**WHAT YOU WILL DO:**
Two lines below mark the span: the one containing "Fine Weave Persian" and the one containing "LG Appliances Refrigerators". Set down both, plus every line between, exactly as they stand, and nothing else.

**DATA PROVIDED:**
==*==

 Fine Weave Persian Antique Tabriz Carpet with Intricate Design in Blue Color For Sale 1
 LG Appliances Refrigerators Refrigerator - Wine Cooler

==*==

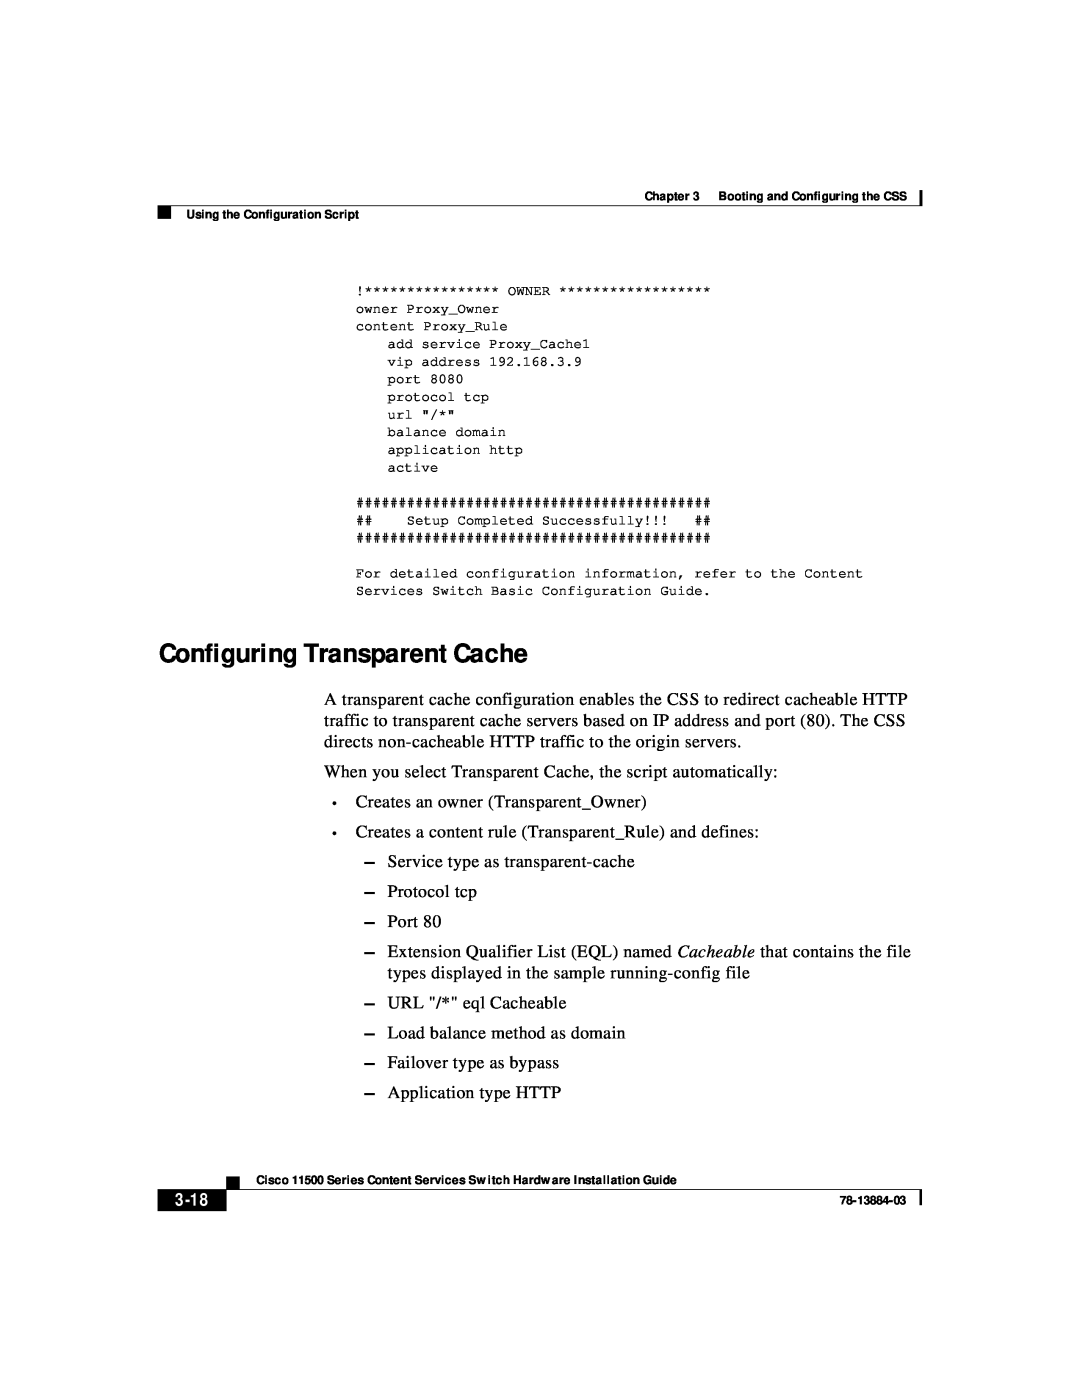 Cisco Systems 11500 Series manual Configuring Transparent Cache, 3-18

==*==

**ANSWER SPACE:**
 Fine Weave Persian Antique Tabriz Carpet with Intricate Design in Blue Color For Sale 1
 LG Appliances Refrigerators Refrigerator - Wine Cooler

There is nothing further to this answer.